How To Get A Bit Of CBG In Your Life

Unfortunately, at this time, there are no high-CBG strains on the market because growers are focusing on CBD and THC.

Don’t feel slighted though. You don’t have to go without CBG completely.

When you consume a full-spectrum cannabis strain, or even a broad-spectrum strain, you get CBG, CBN, and a wide variety of other cannabinoids in addition to the big two (CBD and THC).

That means you can partake of your favorite strain in whatever way you see fit and still feel confident that your new favorite cannabinoid — CBG — will be in the mix.

Here are the most common ways to get a bit of CBG in your cannabis diet.

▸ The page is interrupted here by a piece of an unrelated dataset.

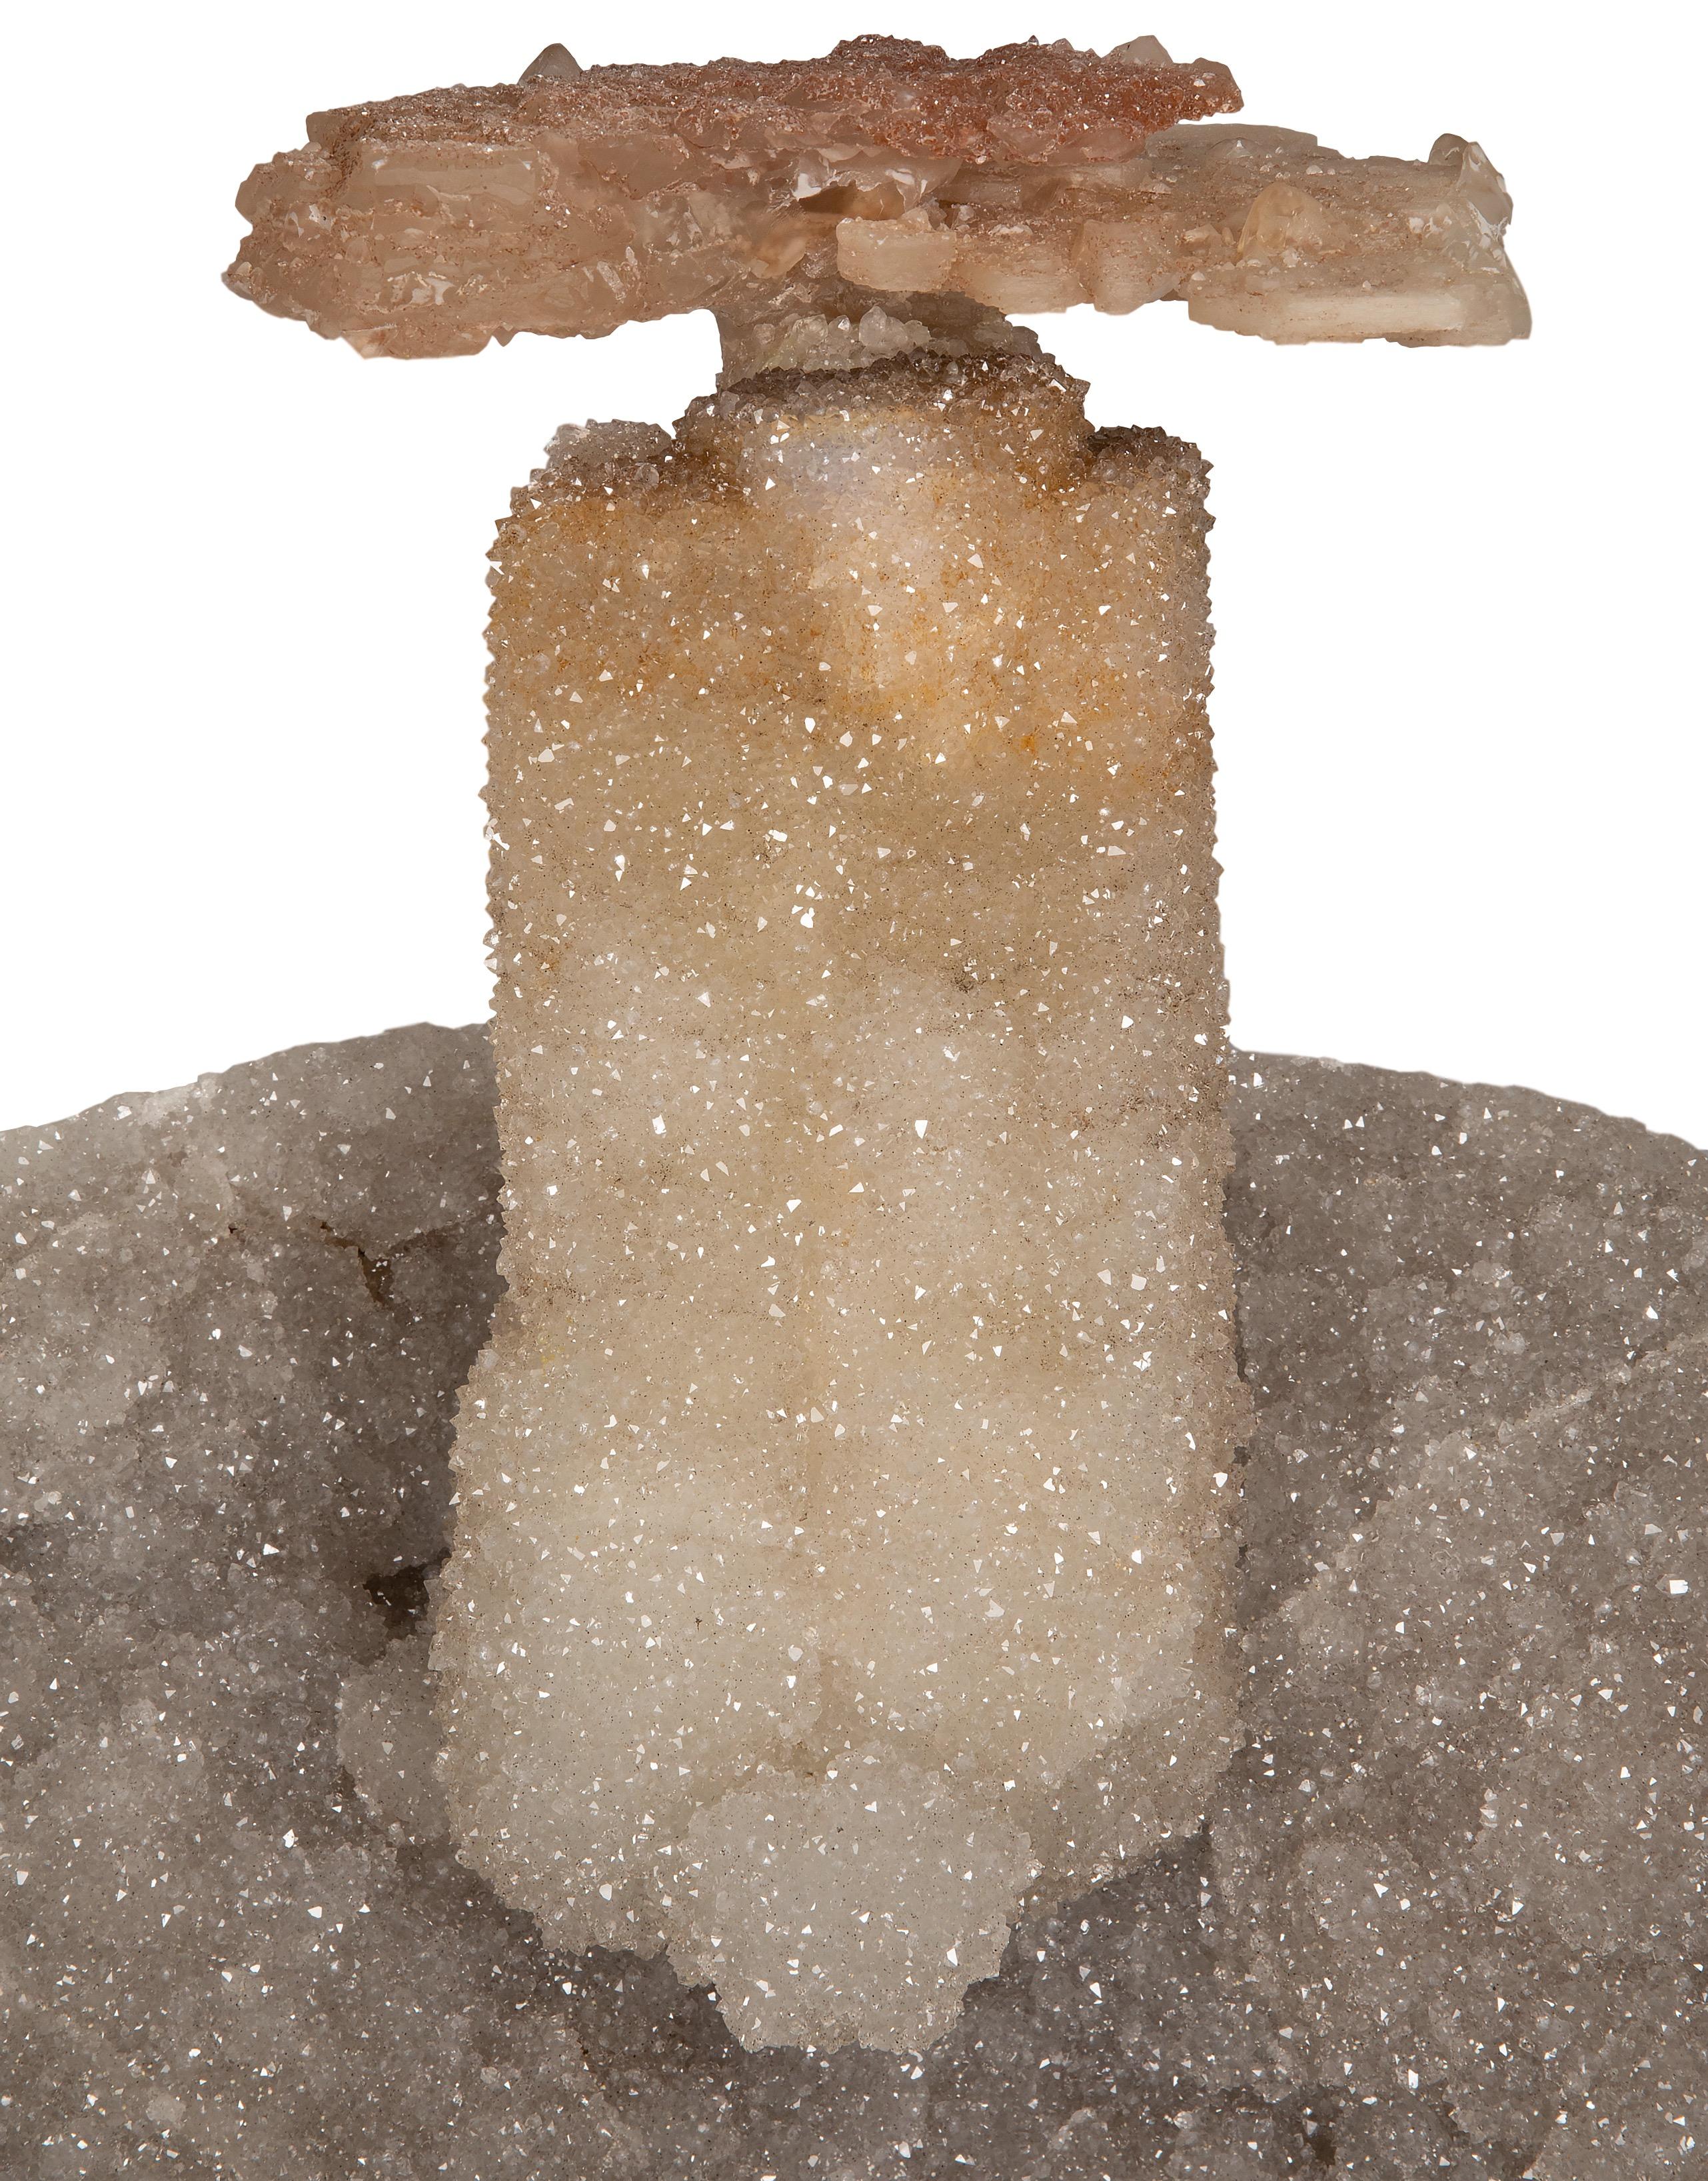 18th Century and Earlier White Quartz “Tree” Sculptural Formation on Metal Stand For Sale

There are many ways to inhale the dank smoke of freshly combusted cannabis: joint, blunt, bong, hookah, bubbler, and hand pipe just to name a few.

Smoking is arguably the most popular way to consume weed and is the fastest way to satisfy your CBG fix (We’re not 100% sure that’s a thing, but it sounds plausible, right?).

When you smoke, as much as 50-60% of the bud’s CBG concentration enters your blood plasma and makes its way up to your brain in the blink of an eye (OK, not that fast, but it’s pretty darn quick).


Cooking with cannabis is one of the great joys of life and is a perfect way to consume CBG.

Because of the way your body metabolizes cannabis when you eat it, you may not feel anything for an hour or more, but the effects can last a whopping six hours.

But before you go dumping a bag of weed in your spaghetti sauce, it’s vital that you decarboxylate first.

If you don’t, you’re just adding ground-up plant matter to the mix, and that will do absolutely nothing for you or the flavor of your food.

If you’re unfamiliar with decarboxylation, take a few minutes to read up on the subject with this article from your friends at Honest Marijuana: Marijuana Decarboxylation: Why And How To Decarb Your Weed.


Should You Try CBG Products?

Medical Marijuana Buds

Yes! With all the benefits you can reap and the extremely low risk of side effects, there’s really no reason not to try CBG products.

If you’re looking for medical benefits or seeking treatment for one of the disorders listed above, talk to your doctor and the fine folks at your local dispensary so see if CBG is right for you.